Кто-то тряс меня за плечо. Я открыл глаза. Было еще темно. — Пора выходить, — произнес голос Отто.
Я сунул ноги в джинсы, натянул три фуфайки и вывалился из фургона во двор.
Шел дождь, серый и противный, вершин гор не было видно в тумане. Подопечные Отто выстроились парами и бегали на месте. Отто делал круги, то и дело облаивая их, как хорошая овчарка. Наконец они трусцой пустились в гору.
Я не последовал за ними. Пусть Отто бегает кроссы до завтрака, если ему нравится. Лично я предпочитаю прямые, разумные пути.
Так что я пошел на кухню и позавтракал бутербродом с джемом и крепким чаем.
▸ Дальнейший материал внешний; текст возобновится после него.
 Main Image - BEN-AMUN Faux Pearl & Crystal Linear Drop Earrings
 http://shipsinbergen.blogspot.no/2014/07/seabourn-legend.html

Потом я принялся бродить во тьме, под соснами, наткнулся на ручей, журчавший на дне долины, и пошел по течению. На берегу, вдалеке от воды, был лодочный сарай и тропинка к огромному, похожему на лагуну устью, которое образовала река перед тем, как влиться сразу за песчаной отмелью в серый залив Кардиган.
Дождь здесь, внизу, был слабее, зато ветер сильнее.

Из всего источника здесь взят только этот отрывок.